I am not here to offer you advice. No, today I am here to tell you a story that you may or may not relate to, in some way or another. Today I am here to tell you how I have proved to myself, for sure, that I am still a clumsy child in a clumsy adult body. I always thought this was a possibility, but after our recent camping trip, now I know it’s a definite.
I have been camping at Gilson Pond Campground at the bottom of Mount Monadnock in New Hampshire for 10 years, minus one- I did not camp there the year I was pregnant with my son (2016). I hike the mountain at least once a trip, sometimes twice. Every year since I started this tradition, something crazy has always happened, and since I have been bringing my children, one of them has always somehow managed to injure themselves. It is never an injury that requires a hospital visit (though one year a friend managed to hook my thumb with a fishing hook and we went to the hospital to get it out, that was fun…), but it is usually bad enough that we get some weird looks from people when we get back home.
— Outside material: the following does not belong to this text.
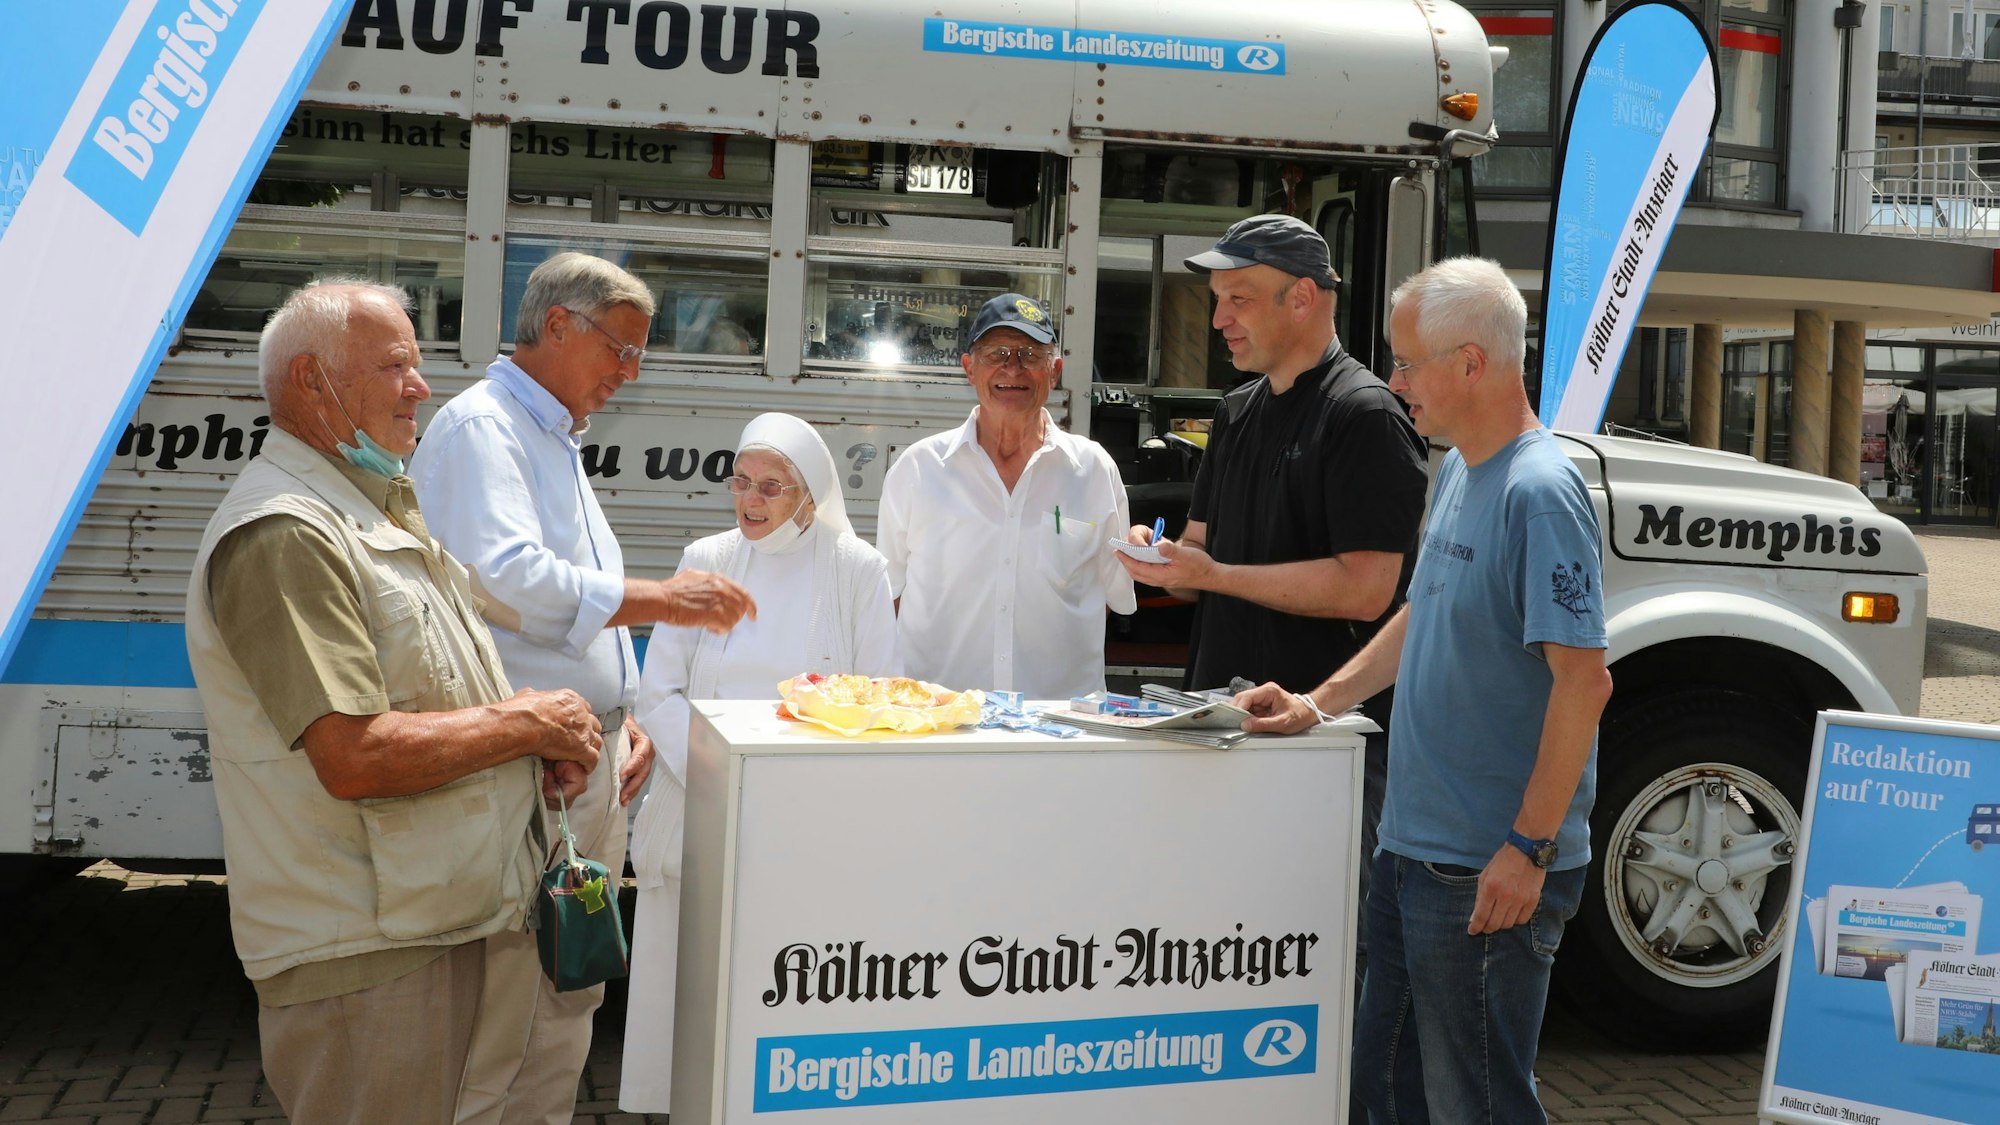 Menschen stehen um eine Infotheke vor einem historischen amerikanischen Schulbus. Auf der Theke und auf Fahnen sind die Zeitungstitel Bergische Landeszeitung und Kölner Stadt-Anzeiger zu lesen.

Well, this trip was my turn for the injury, and it was a doozy.
This year, we took two vehicles up – my gas hog truck stashed with all of our camping and hiking gear, and my boyfriend’s mother’s Sante Fe. I drove her car with the kids and he followed me in my truck.
It poured on and off during the drive up. My boyfriend joked that I shouldn’t need a map, I know my way to the campground and the surrounding area, and I pretended to be offended. We laughed each time we found a 90’s throwback song on the radio and suggested it to the other one, finding that we were both listening to that exact song. My son kept trying to look back and wave because “Look, Daddy is still behind us!”
It was a mostly uneventful drive up, and I was hopeful for an uneventful trip.
We got to the campground and I checked us in. They asked if we needed a map, and even though we don’t (we get the same site every year), I took one anyways. Now it’s pouring. Okay fine, not a big deal, since we usually get stuff out of the vehicle and head to town to get meats and whatever items we inevitably forget every damn time. So we head down to our campsite, and I pull to the side so he can back my truck in. We have decided that since it’s pouring, we will just drop the truck off and head right to the store before taking anything out – it is supposed to clear up.
(Side note: it cleared up long enough to get the tent up, and then poured buckets until about 4am- we had a small river running under our tent that night)
I should mention that I get overly excited every year because I find “mountain blueberries.” I stop mid-hike for them. I veer off the trail for them. I eat every single one I can find. This year would be no different.
As my boyfriend is parking my truck, I get out of the car so I can move over to the passenger side. He says something about “this is some BS” that I make him drive, which I ignore, and then it happens. I notice blueberries right next to the car door, and as I open the door so I can get in, I lean down to look at the blueberries and shriek with excitement- and then I see a flash.
He said it sounded like the door hit a rock. He said he was going to tell me to watch the door on the rocks, and then he saw me keel over, my hand pressed against the side of my head. My glasses fell off my face, and somehow they were still in one piece. The pain I felt was excruciating. I thought for sure I would be bleeding, or that I had broken my eye socket – the door got me right at the side of my left eye.
We found an ice pack (thankfully I pack for just about every scenario imaginable) and put it against my face. There was no blood, but there was a lump so big I didn’t think my glasses would fit back on my face. He asked if I was okay, and though I said yes, I was so angry I cried. We went to the grocery store first, and as I was walking around, I realized I was dizzy. I wondered if I had given myself a concussion, but by the time we left and went to Walmart, I was no longer dizzy, just in horrible pain.
By the time we went to bed, the black eye started. Over the next few days, it seemed to get worse by the hour. We still hiked and did everything that we usually do, but my boyfriend was concerned that people were going to think the worst of him: here I was, hiking with a black eye and carrying our daughter on my back in the hiking backpack, and he was only carrying water. People DID look at me and then at him with strange looks, but I didn’t care – as long as the pain was kept at bay with Ibuprofen, I was still having a good time.
The rest of the trip was uneventful, injury-wise. I guess I’d rather me than have the kids get hurt, but maybe if we could get a break from all injuries, that would be SUPER AWESOME.
And yes, I ate those damn blueberries.
Hope your eye is doing better!! I did this but it was far less tough! I was wearing my baby in the grocery store and trying to get items under the cart and wasn’t paying attention to myself, and when I leaned up, I somehow shielded her head, but managed to knock myself by the eye with the conveyer belt. To this day, I have no idea how i did it, but managed to give myself a nice black eye on the conveyer belt! It hurt so bad i thought I was going to pass out right then and there!